### [Raw data]
------------------------------

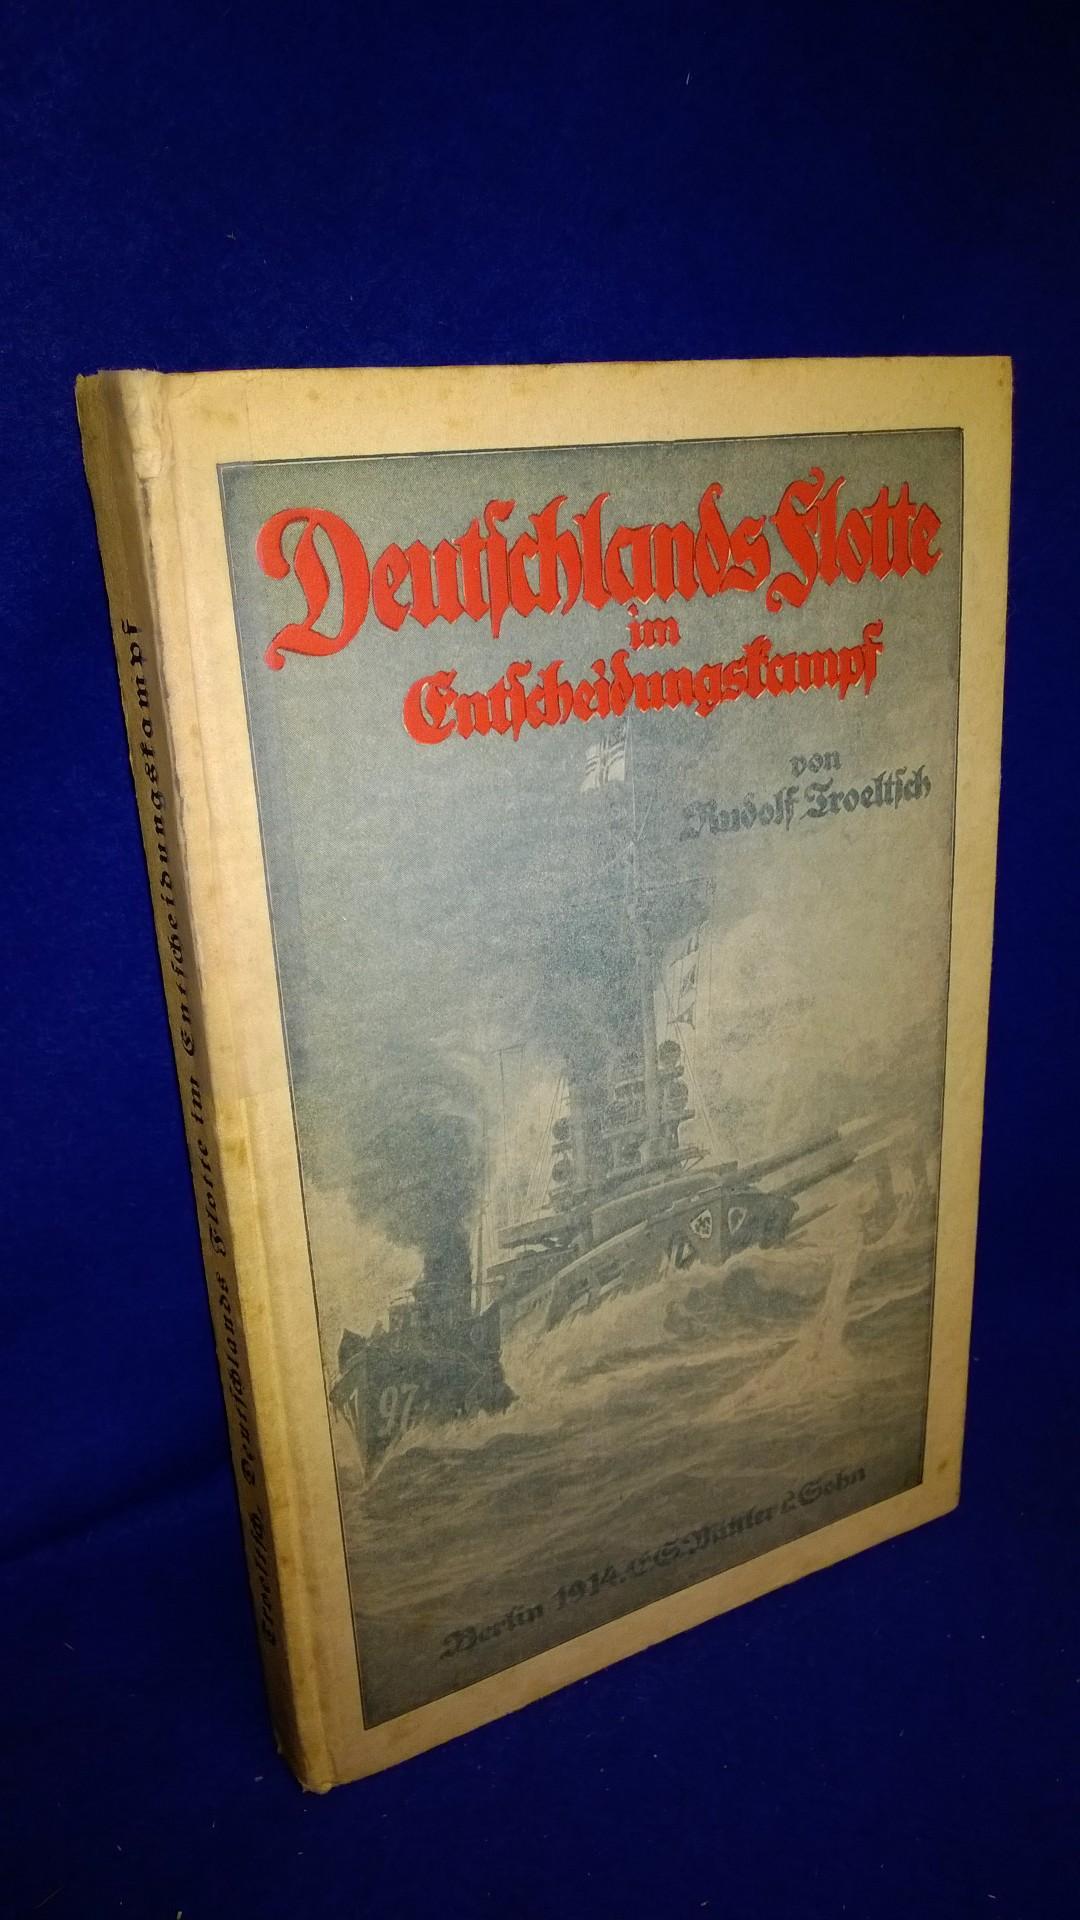 Deutschlands Flotte im Entscheidungskampf - Eine Einführung der Laien in das Wesen des modernen Seekrieges.
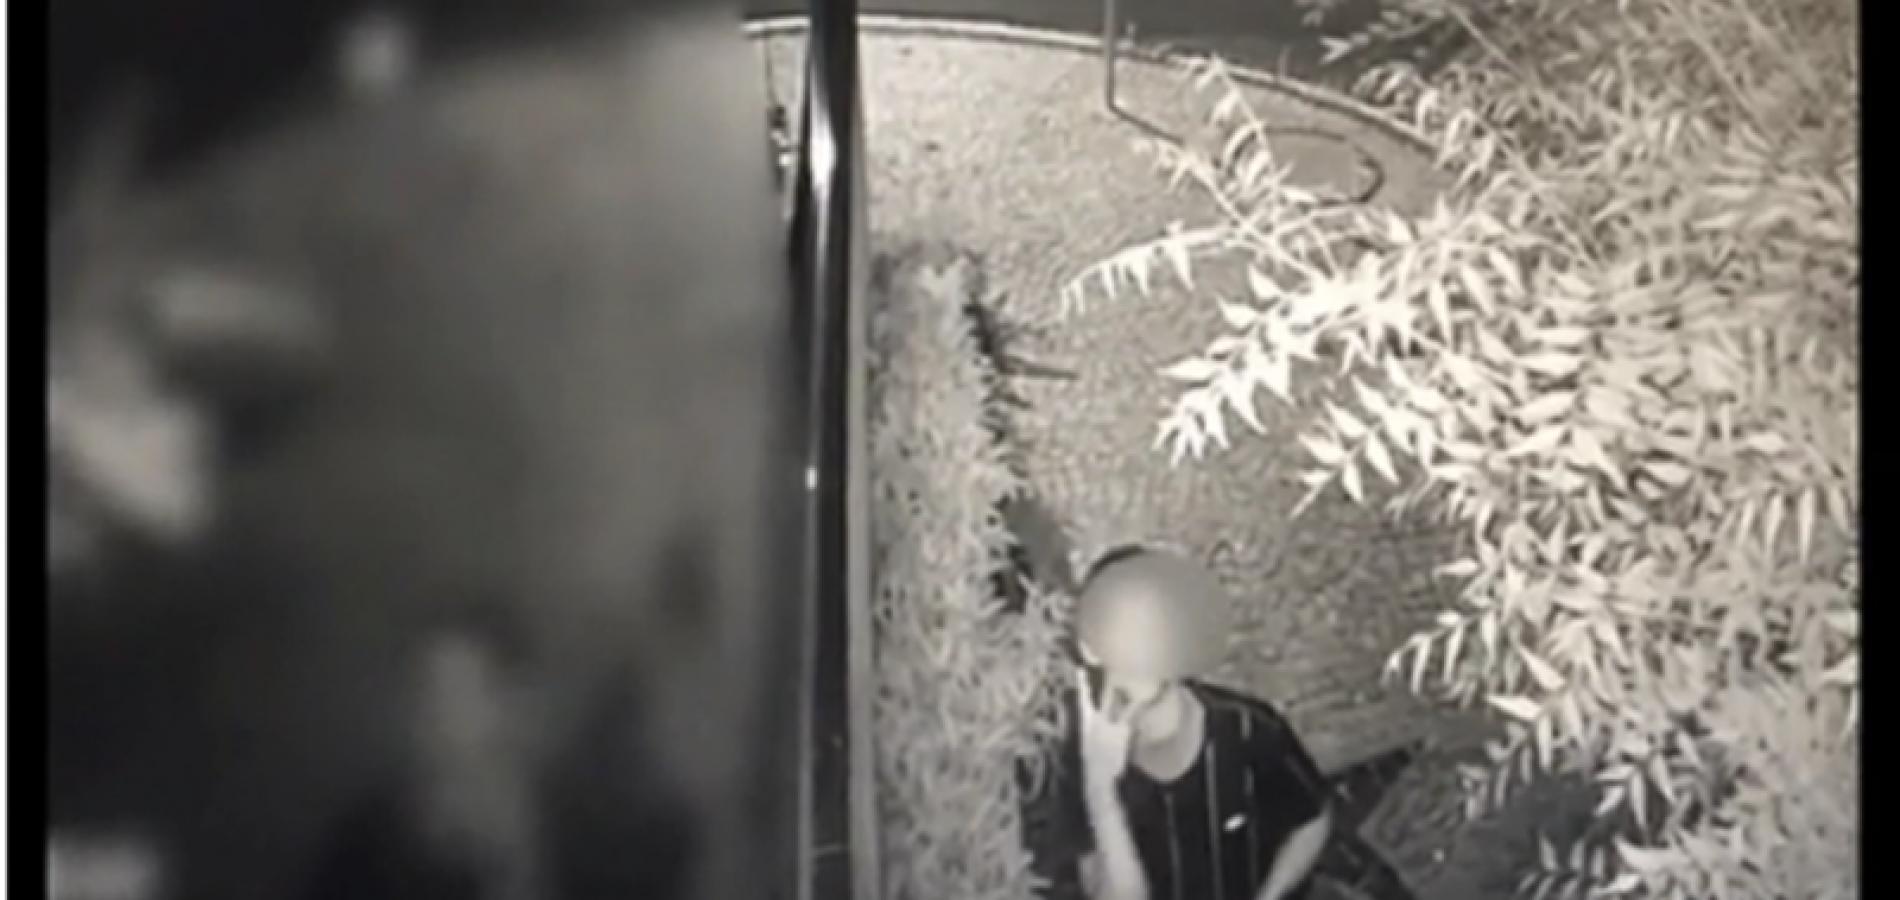 Arrombador faz sinal para câmera de segurança mostrando quantidade de crimes cometidos no dia
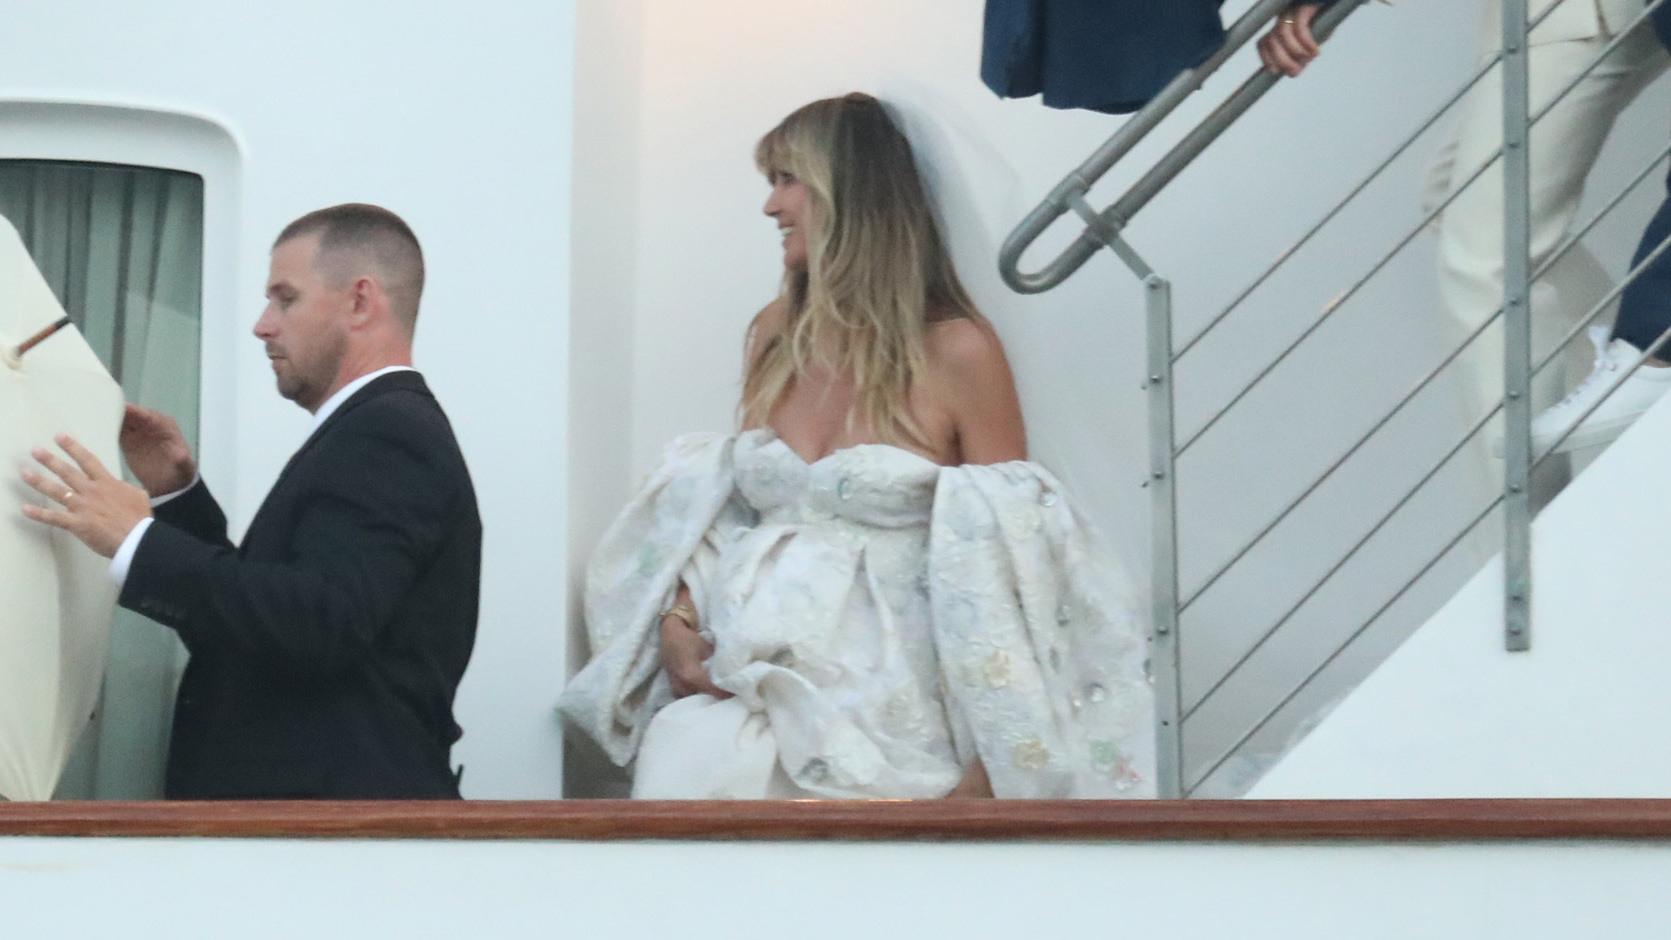 Heidi Klum: So Umwerfend Ist Ihr Hochzeitskleid! | Intouch

------------------------------

### [Your objective]
Reproduce exactly the lines from the one with "Arrombador faz sinal" to the bottom of the listing, both ends included, and nothing else. Skip the pictures.

### [Solution to this task]
 Arrombador faz sinal para câmera de segurança mostrando quantidade de crimes cometidos no dia
 Heidi Klum: So Umwerfend Ist Ihr Hochzeitskleid! | Intouch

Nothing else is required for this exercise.